THERE has been an increase in 'bed blocking' at local hospitals due to delays in arranging care, a new report says.

Bury health scrutiny committee regularly monitors bed blocking — or delayed discharge — figures, which look at how many hospital beds are taken up unnecessarily.

A report published on Monday shows that, in October, there were 639 occasions in October when patients from Bury were medically fit to leave hospital but had to stay there for reasons beyond their control.

The report authors are Bury Council's assistant director Linda Jackson and Joanne Moore, the divisional director for medicine at Pennine Acute Hospitals Trust, which runs Fairfield General and North Manchester General hospitals.

It says: "This is the fourth highest in Greater Manchester and a 66.4-per-cent increase when compared to October 2014, and a 3.4-per-cent increase from September 2015.

"Delayed days are increasing month on month, whereas (before) it was fairly static."

The report says 222 bed days were lost because Bury residents were waiting for care staff to set up care packages for when they return home and 197 bed days were lost as patients were waiting to receive other care elsewhere within the NHS.

While the figures from October are the latest ones available, problems experienced by A&E departments at Fairfield and North Manchester in January suggest there is still an issue with bed blocking.

Last month, health bosses asked people not to turn up to A&E at those hospitals unless they absolutely needed treatment and people witnessed ambulances queuing to access Fairfield, with longer-than-usual waits for patients.

The report looks at ways of solving the problem.
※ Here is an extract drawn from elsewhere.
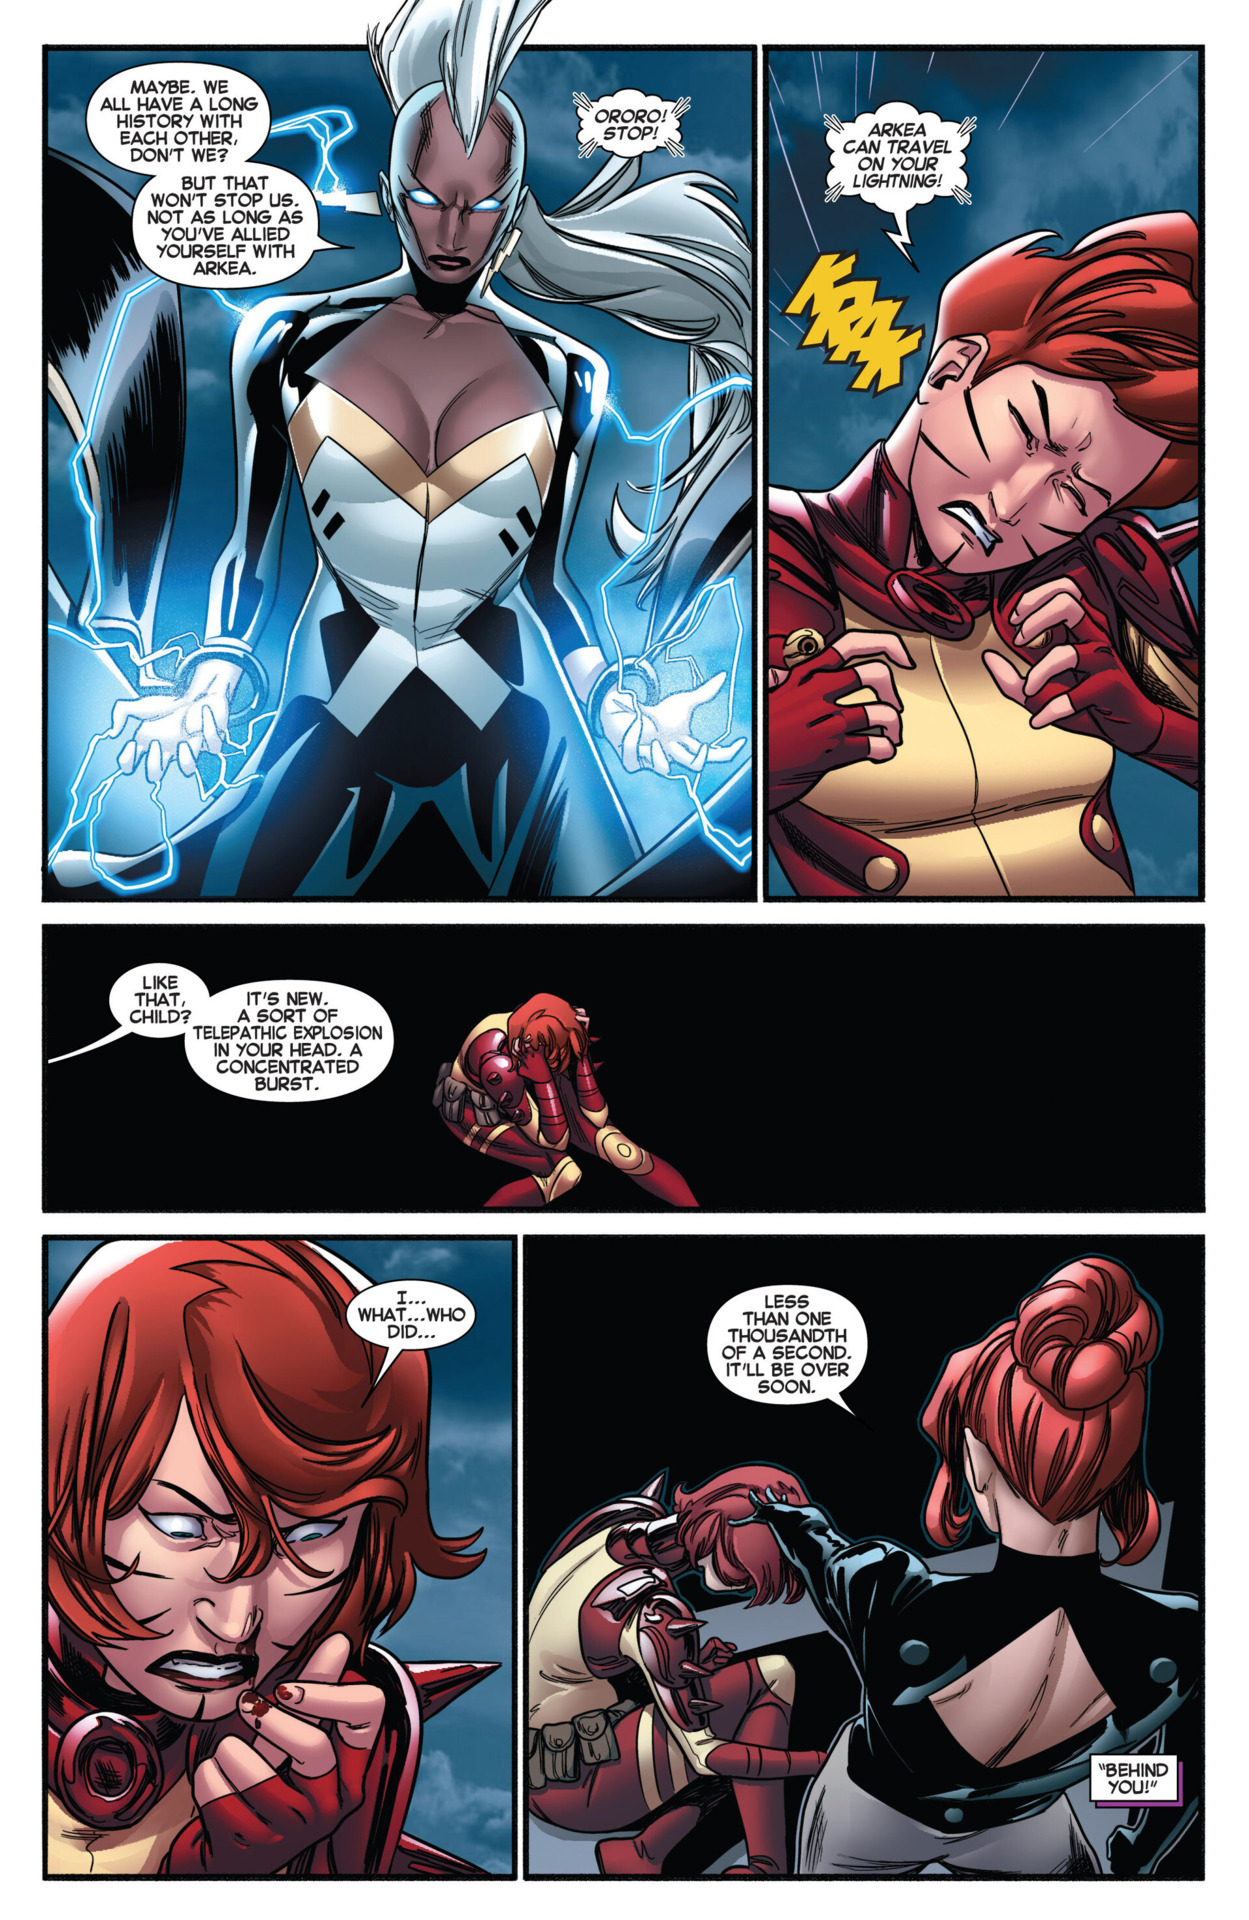 Madelyne Pryor cripples Rachel Summers by using a new sort of attack, where she causes a psychic explosion in one's head in short bursts. According to Maddie, it would be over in less than one thousandth of a second
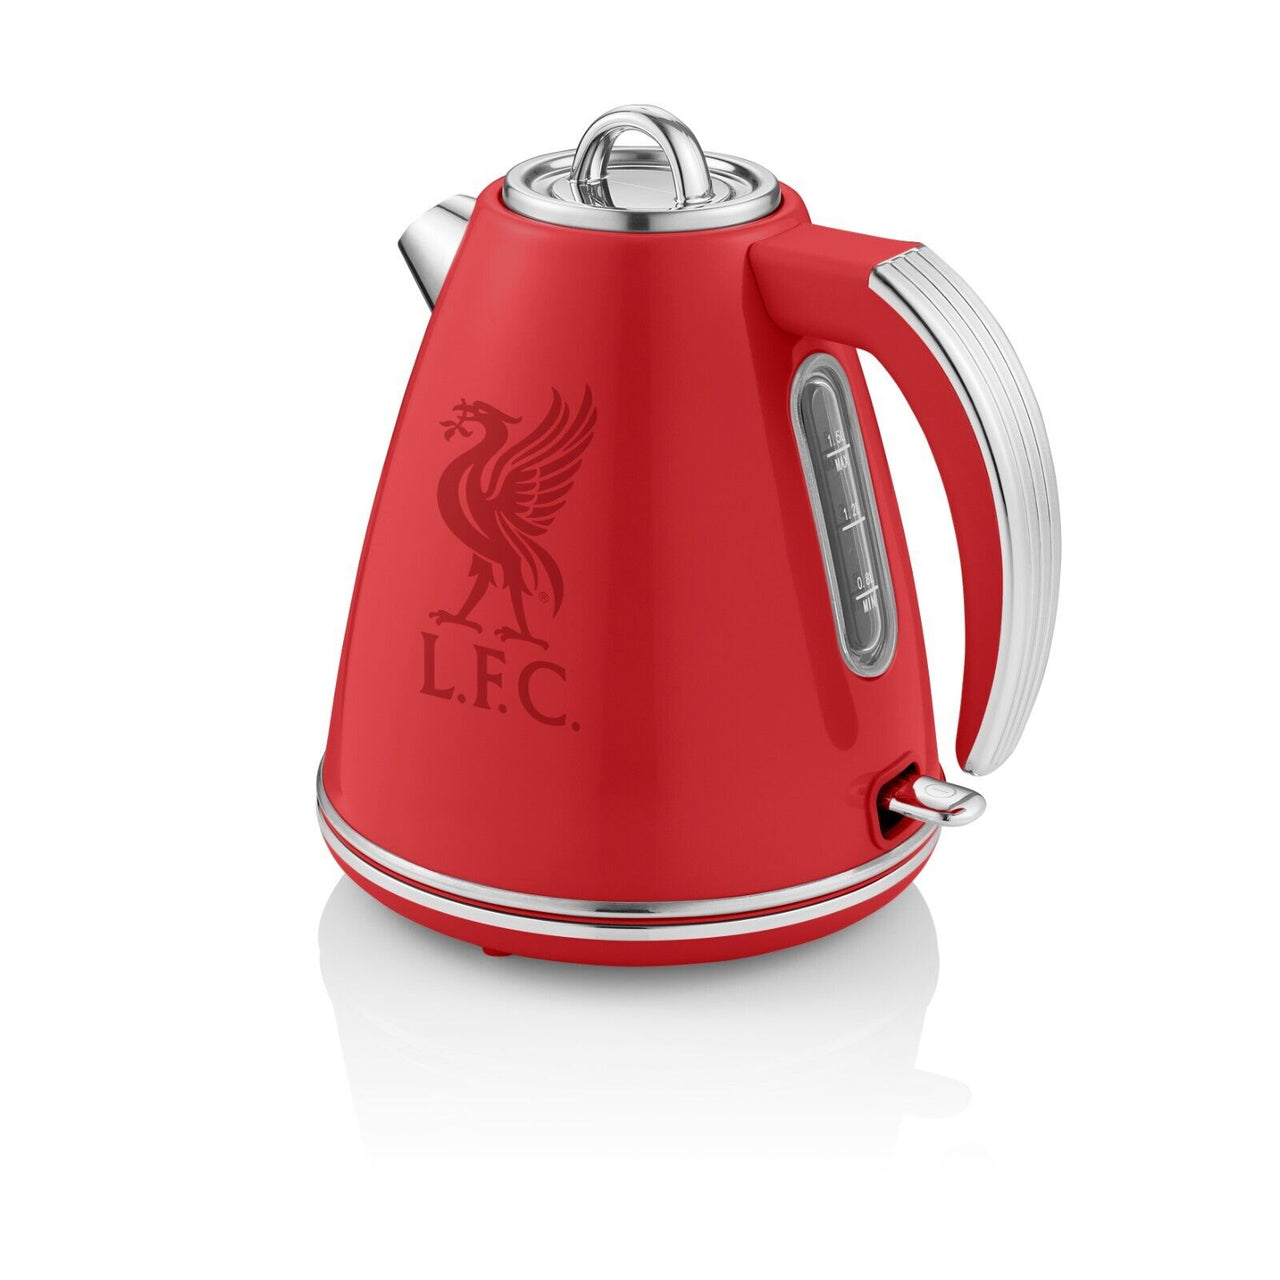 Swan Official Liverpool FC Red 1.5L Jug Kettle & 4 Slice Toaster Matching Set

It says: "A range of schemes (are in place) to increase (bed) capacity, speed up discharge processes and reduce non-election admissions, as well as seeking to improve performance in the 'awaiting care packages in own home' category.

"Most of these schemes became operational between September and November and include additional medical staffing, additional social work capacity and additional packages of care.

Pennine Acute has also implemented a number of changes, including introducing training for ward staff on discharge processes and recruiting more staff.

The introduction of seven-day working in the social work service at Fairfield began on January 17 and would help the discharge of patients at weekends, the report says.